I once started a project of buying postcards of Malta and then going on location to photograph the unseen bits, so to say. I would go to Golden Bay and turn the camera slightly to the right to shoot the car park, for example, or use a telephoto rather than a wide-angle lens to bring out the detail of mattresses and fridges lying around at Chadwick Lakes.

The idea was to eventually put up a little exhibition of alternative postcards. I would call it ‘What the other half looks like’ and it would serve as a reminder of the falsity of tourist fodder and the real state of the environment.

Much to the Malta Tourism Authority’s distress, it turned out my photographic talent didn’t quite match my enthusiasm and the whole thing fell by the wayside.

Or maybe it didn’t. In fact my cunning plan seems to have been picked up with considerable gusto, only in reverse.

The project has been re-christened ‘artists’ impressions’ and its results make the news every other day. There is now more impressionism in a sheet of local newsprint than at the entire Gare d’Orsay.

Recent offerings include the ‘revamped’ Castille Place, the floating islands and the main square at Paola. Since I’ve already written an ode to the aesthetic and functional brilliance of the first, I shall concentrate on the other two.

St Thomas Bay is the grubbiest, most wretched hole imaginable

First, the floating islands. Apparently, the idea is to moor huge pontoon-like structures at Marsalforn and St Thomas Bay that will serve as havens for swimmers. What with a real archipelago and now floating islands, one wonders if Laputa-style flying ones are next. But never mind, the topic is artists’ impressions.

Take St Thomas Bay. We were presented with an image of a white-and-yellow platform populated by distinctly-fruity young women and athletic men in Speedos. There’s also a RHIB moored along one side and a quaint kiosk in the middle which is presumably fully stocked with locally-sourced organic options. The sea around this dollop of heaven is very blue and very very empty.

Which is funny, because the St Thomas Bay, I know, is rather different. I happen to be well-acquainted with the place. I usually park my car there to go walking at Munxar and I also occasionally swim in the bay when the sea elsewhere is too stormy.

The artist’s impression leaves out a number of things. The hideous stacks of beach rooms known as boathouses are nowhere to be seen. Nor is the daily dumping of construction waste directly onto what’s left of the beach, or the mountains of rubbish deposited at will on every free inch of shore.

I also couldn’t make out the huge tuna pens that have been lying about for at least a month. Every morning, fish-farm workers proceed to repair the structures and to leave behind a trail of black plastic shavings. And that’s not even going anywhere near the heavy machinery and containers they’ve moved in.

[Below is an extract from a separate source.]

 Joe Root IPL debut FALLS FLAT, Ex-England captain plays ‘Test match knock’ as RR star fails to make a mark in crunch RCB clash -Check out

The upshot is that St Thomas Bay is the grubbiest, most wretched hole imaginable. Which makes the artist’s impression seem rather like the murals of national happiness found in North Korean tube stations. In other words, false.

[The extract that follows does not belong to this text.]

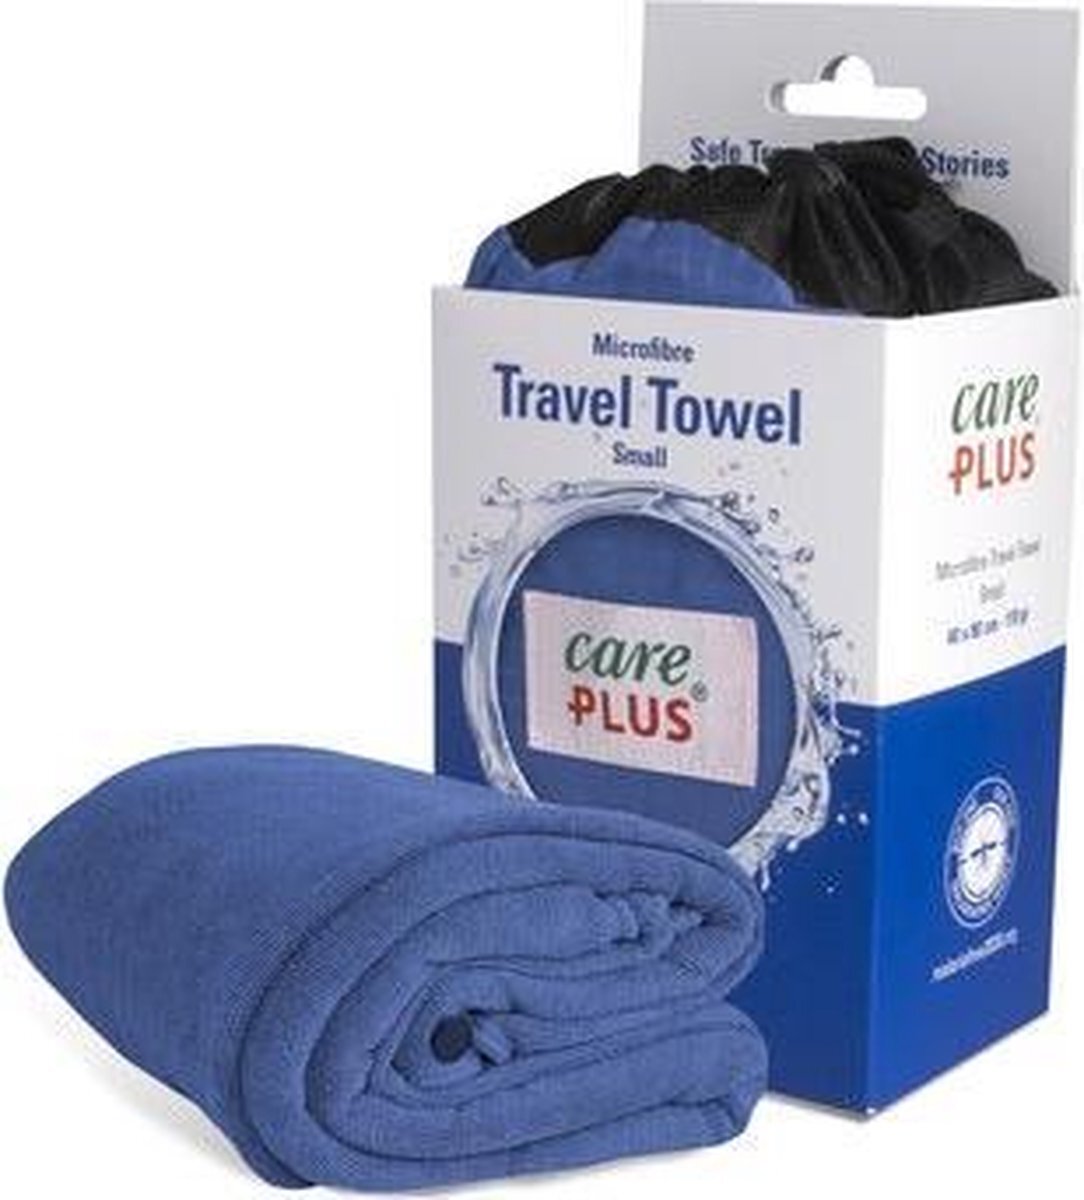 Care Plus Travel Towel Small

There’s another thing. The impressions, and the islands themselves, are a kind of perverse lateral thinking. They tell me that whoever is in charge has so completely given up on the real thing known as St Thomas Bay that they’ve taken to creating simulacra. Like the last Dodos, they’ve retreated to a tiny island.

On to a more metaphorical kind of island. Not happy with the conventional static kind, the artists charged with showing us the about-to-arrive square in Paola gave us an animated impression. And what a sight it is.

The animation uses a wide-angle perspective that makes the place look as vast as the Mongolian steppes. There are fountains and water jets everywhere, and more trees in blossom than there are in Hiroshige at his most optimistic.

The smartly-dressed people in the animation aren’t enjoying any of it, but that’s only because they appear to be reading or lost deep in philosophical dialogue.

It’s as fantastical and false as the floating islands. The artist’s impression presents us with an image of our environment which is completely out of touch with reality.

For example, one of the people shown in the animation is a wheelchair user. Presumably, that shows how inclusive and accessible the place will be, and I should be churlish to argue with that. My only problem is, I really can’t figure out how that person got to the square in the first place.

That’s because Malta, Paola included, is a nightmare for wheelchair users. There isn’t a single pavement in the country that isn’t butchered in such a way as to make it completely inaccessible to them. Thus my point about ‘the rest of it’ about the real Malta beyond the artists’ impressions.

The other thing about the Paola animation is that there are very few cars around. One or two people are leaning on their bicycles and the rest seem happy enough to walk. Problem is, it takes more than a million acres of concrete and a few shrubs and water features to create pedestrian nirvana. No matter, the impressionists seem happy enough to send postcards to themselves.

Readers will be familiar with the phenomenon of young people who retreat into the world of video games and lose all touch with reality. Japan has more than its fair share of these reclusive hikikomori and that’s not usually considered a good thing. I don’t see why it should be any better for us to retreat into the world of artists’ impressions.